Everything worked nicely and we stopped seeing timeouts on our Rails app.

The Problems With The Fix

Everyone on our team at the time had some basic knowledge of Node and intermediate Linux admin skill. But since these image uploads were critical to our user experience, intermediate was not enough. Any bug with this service was potentially critical, so any botched configurations – whether they were the bug or part of someone’s attempt to fix a bug – could have quite a negative impact. So config files became scary to touch, and we wanted to carefully monitor the service for some time after any change to these

Deployment was also not fully automated, so if anyone forgot a step, it could result in bugs.

The Ideal Solution

After some high stress bugfixes and unacceptably long outages, we came up with a list of requirements (a few of which had been satisfied by the original developer, hence the config files I mentioned). The service should:

  1. Be easy to deploy to either a running instance or a clean box.
  2. Bring itself back up if it failed.
  3. Manage its logs.
  4. Allow for easy restoration of any config files modified during troubleshooting.

The tool we chose for this (and more, detailed below) was Ansible. Here’s the best introductory guide I’ve seen.

I’d like to highlight a few excerpts from our Ansible playbook, because while this is not a full tutorial and far from a “best practices” guide, it does cover a few things that might get left out of other beginner level guides.

Ansible tips

Installing updated packages

Install versions of nginx and node that were relased after, say, the closing of the Western frontier:

playbook.yml


    - name: Package prerequisites for node.js
      action: apt pkg=python-software-properties state=installed

    - name: Add the node.js PPA
      apt_repository: repo="ppa:chris-lea/node.js"

    - name: Add the nginx PPA
      apt_repository: repo="ppa:nginx/stable"

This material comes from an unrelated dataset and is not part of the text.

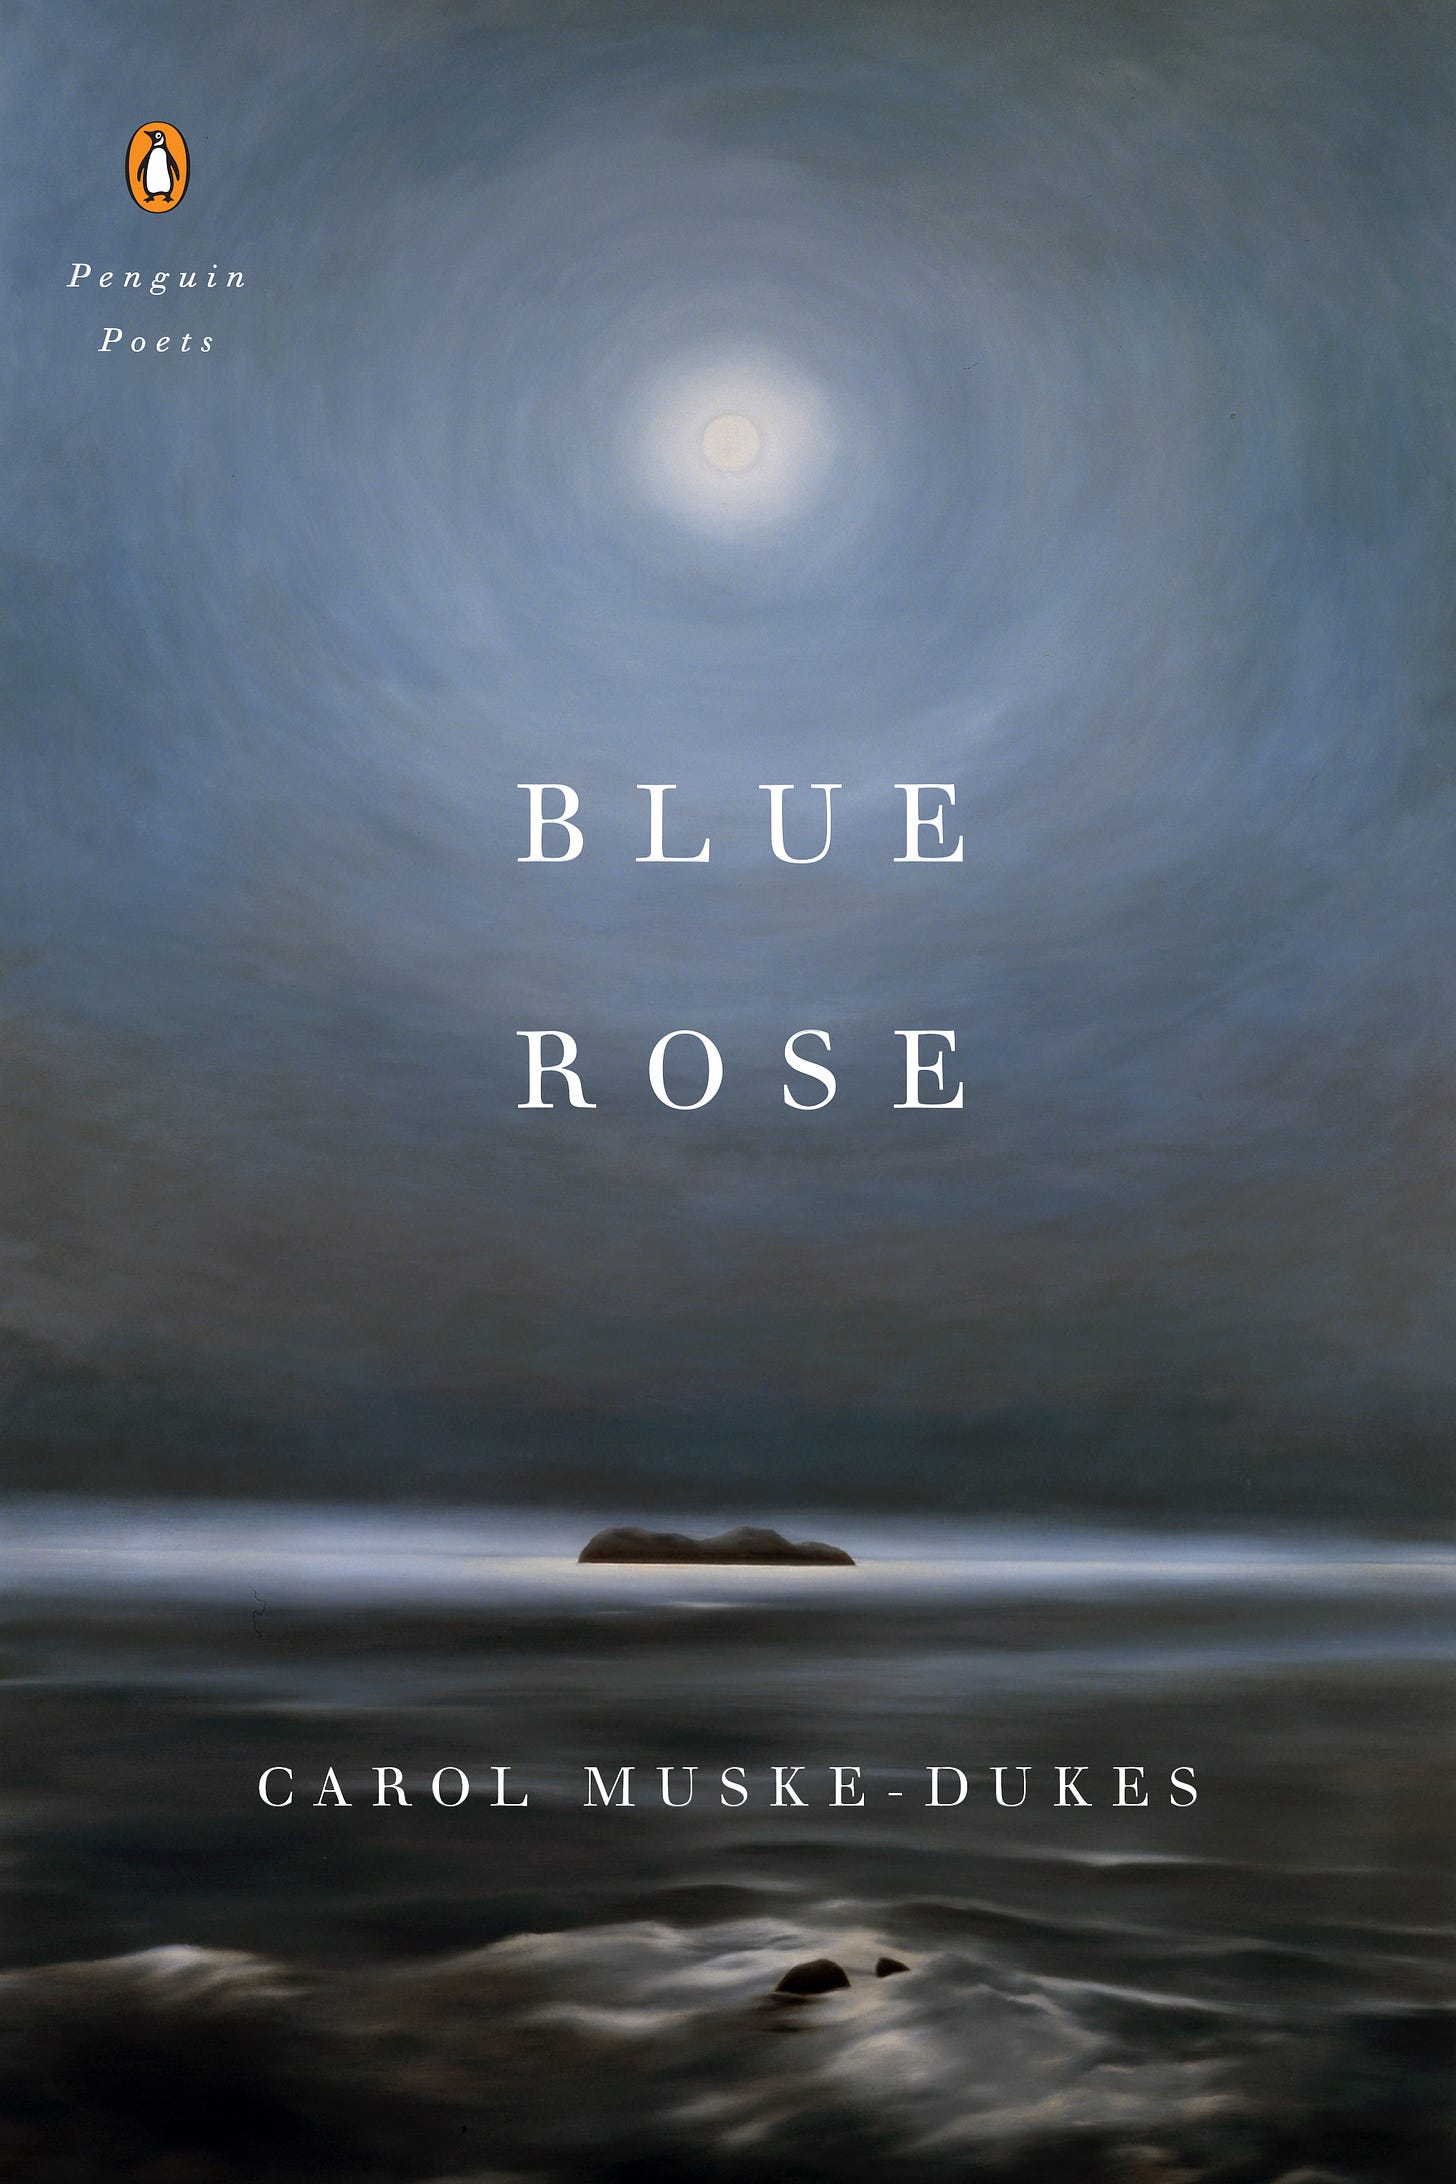 This is the book cover of Blue Rose by Carol Muske-Dukes

Installing and configuring upstart

Install upstart, which allows you to easily start and stop processes, and check their status, like so:

sudo image-manager status
sudo image-manager restart
sudo image-manager stop
sudo image-manager start

The docs are thorough if a bit intimidating

playbook.yml

    - name: install upstart
      apt: pkg=upstart state=latest

    - name: (PROD) copy upstart config file to /etc/init
      copy: src=config/image-manager.conf
            dest=/etc/init/image-manager.conf

The config file:

#!upstart
description "Image Manager Production App"

start on startup
stop on shutdown
console output

#Important: this means upstart will expect the process it is
#managing to call `fork` exactly twice.  For our app, I
#distinguished between this and "expect fork" by trial and error
#
#see http://upstart.ubuntu.com/cookbook/#expect-daemon

expect daemon

script
  export HOME="/home/ubuntu"
  cd $HOME/image-manager
  sudo NODE_ENV=production \
       PORT=5555 \
       /usr/bin/node /home/ubuntu/image-manager/app.js >> \
       /var/log/image-manager.log &
end script

#Upstart has to know about the process id of all the processes it monitors
#This is the only way I could find to get that

post-start script
  upstart_pid=$(status image-manager | awk '{print $NF}')
  sudo echo $upstart_pid > /var/run/image-manager.pid
end script

Installing ntpd

This is the Network Time Protocol daemon, and installing it will prevent clock drift and ensure that, say, S3 won’t decide to stop talking to your server during the second half of the BCS Championship game because your server thinks it’s living 16 minutes in the future.

playbook.yml


    - name: ensure ntpd is at the latest version
      apt: pkg=ntp state=latest
      notify:
      - restart ntpd

    #...

    handlers:
    - name: restart ntpd
      service: name=ntp state=restarted

This uses an Ansible handler. It’s basically the same as a task, but is just called by other tasks like a callback.

Setting up logrotate

Don’t let your logs fill up your hard drive:

playbook.yml


    - name: install logrotate
      apt: pkg=logrotate state=latest

    - name: copy logrotate config file
      copy: src=config/logrotate
            dest=/etc/logrotate.d/image-manager

Guide to logrotate

/etc/logrotate.d/image-manager

/var/log/*image*.log {
daily
compress
copytruncate
size 2M
rotate 4
}

Setting up monit

Monit will periodically check the status of your services and bring them back up as needed, optionally also sending you alerts or taking other actions if it detects that a service is down. In this sense, it has some overlap with upstart, but I find it easier to use, it makes an actual http request instead of just checking the pid file, and I like to stick to upstart just for enabling start/stop commands, and starting services on server startup.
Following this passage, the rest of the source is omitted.